What Goes Around, Comes Around

Home is the place where, when you have to go there, they have to take you in

Robert Frost

I saw a T-shirt last week which said, “Dear Karma—I have a list of people you missed.” I was instantly transported back to the day Son #3 lost his temper about something. He was furious and went storming downstairs with as much thunder as a pre-adolescent can manage.

Unbeknownst to his parents, he grabbed the steel barbell pole from our weight-lifting set and used it to ram as many as a dozen or more two-inch holes into the ceiling of his bedroom, fury fueling his assault on the drywall. Once he calmed down, he dropped the pole, ignored the mess, and went out to play—probably with the same brother/s who had originally generated his rage.

But Karma was coming.

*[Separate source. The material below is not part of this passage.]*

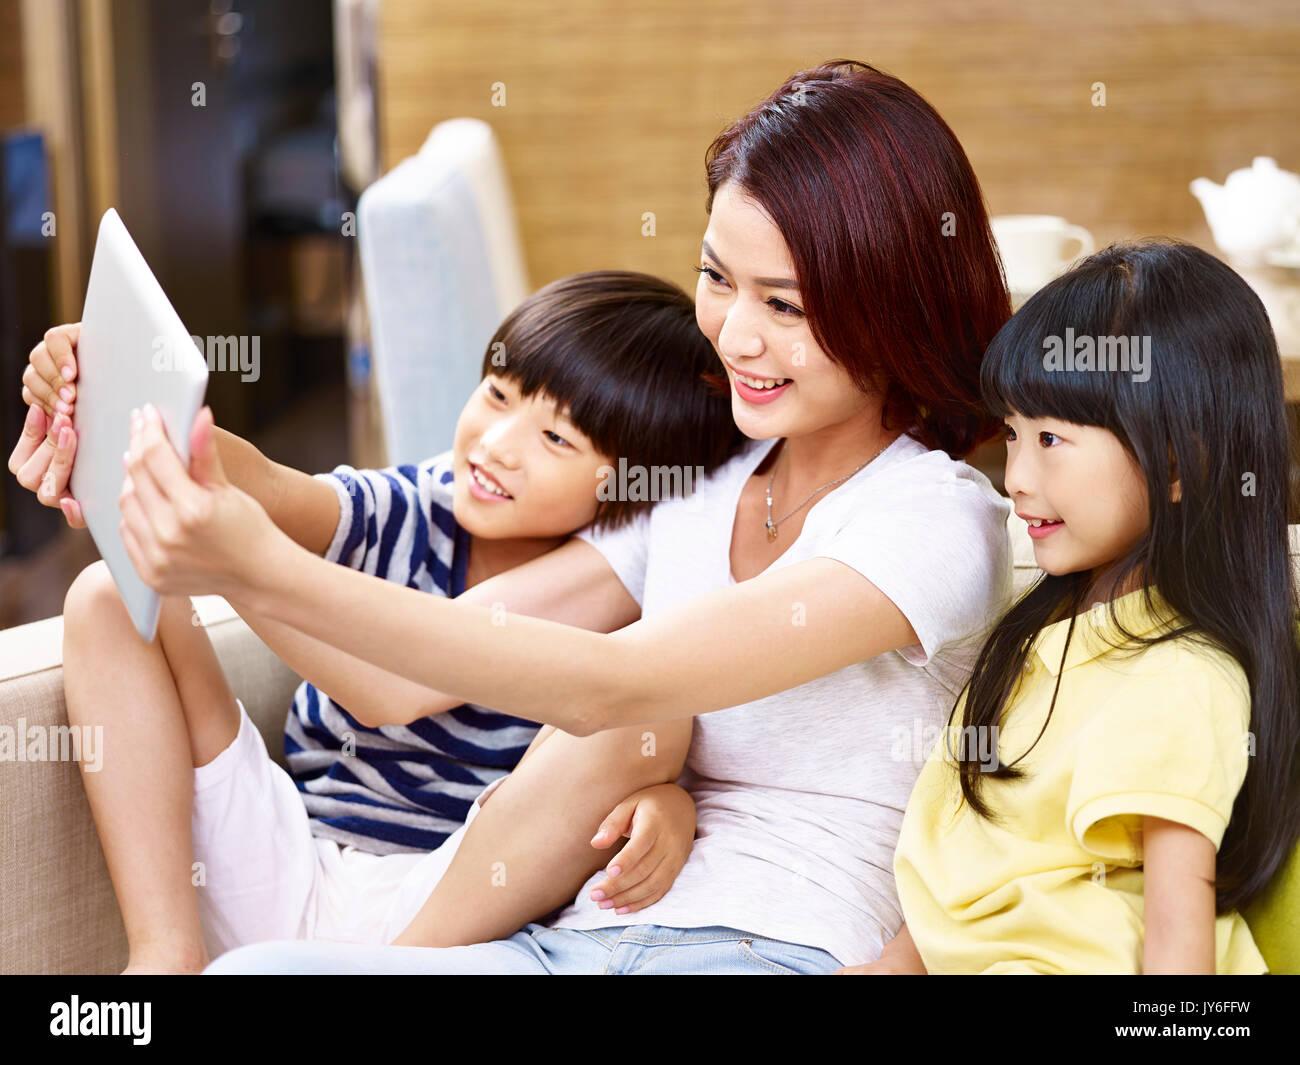 Giovani asiatici madre e bambini seduti sul divano tenendo un selfie con tavoletta digitale, felice e sorridente. Immagini Stock

A day or two later, I heard a downstairs door slam and then screaming the like of which I had rarely heard from one of my children. My husband and I arrived at the bottom of the stairs simultaneously, both of us out of breath. Son #3 was standing in the hall sobbing and swatting at the air indiscriminately. “Hornets. Lots of hornets,” he blurted. I looked at my husband who glanced back at me. We could her an ominous buzzing coming from the bedroom.

Leaning against the door, my husband gingerly twisted the handle and pushed it open an inch or two. The volume of buzzing increased exponentially. Inside a swarm of angry insects battered beds, walls, and windows seeking a way out. A couple of sets of wings escaped the room before my husband managed to get the door secured again. “There must be a couple of hundred of them,” he said, staring pointedly at Son #3. “How’d they get in?”

An inspection of the exterior brick surface on the outside wall of the house provided the answer. The insects had eaten away at the exterior masonry caulking between a couple of the bricks and squirmed into the space between the brick, dry wall, and studs. They had built a very comfortable nest which grew exponentially with every hornet attracted by the weatherproof, predator-free environment. When Son #3 had punched holes in the ceiling, the hornets rose in a swarm, answering the siren call of the sun shining through the barbells gouges. They invaded in force. Two hundred turned out to be a seriously minimal estimate.

A bomb of insect repellent made the room uninhabitable for a day or two, and the four boys who slept there had to rough it on the living room floor. Hornet carcasses littered every surface in the room. Even clothes in the closets had to be rewashed, insect wings littering the floor on the path to the laundry room. Walking across the floor produced a disturbing crunching noise. For the first time in years, not a single son went anywhere near that room with bare feet.

The whole family pitched in to vacuum and scrub and wash before the room was livable again. But Son #3 learned a valuable lesson which he still practices to this day: managing your temper effectively can save you a veritable hornets’ nest of trouble. Literally.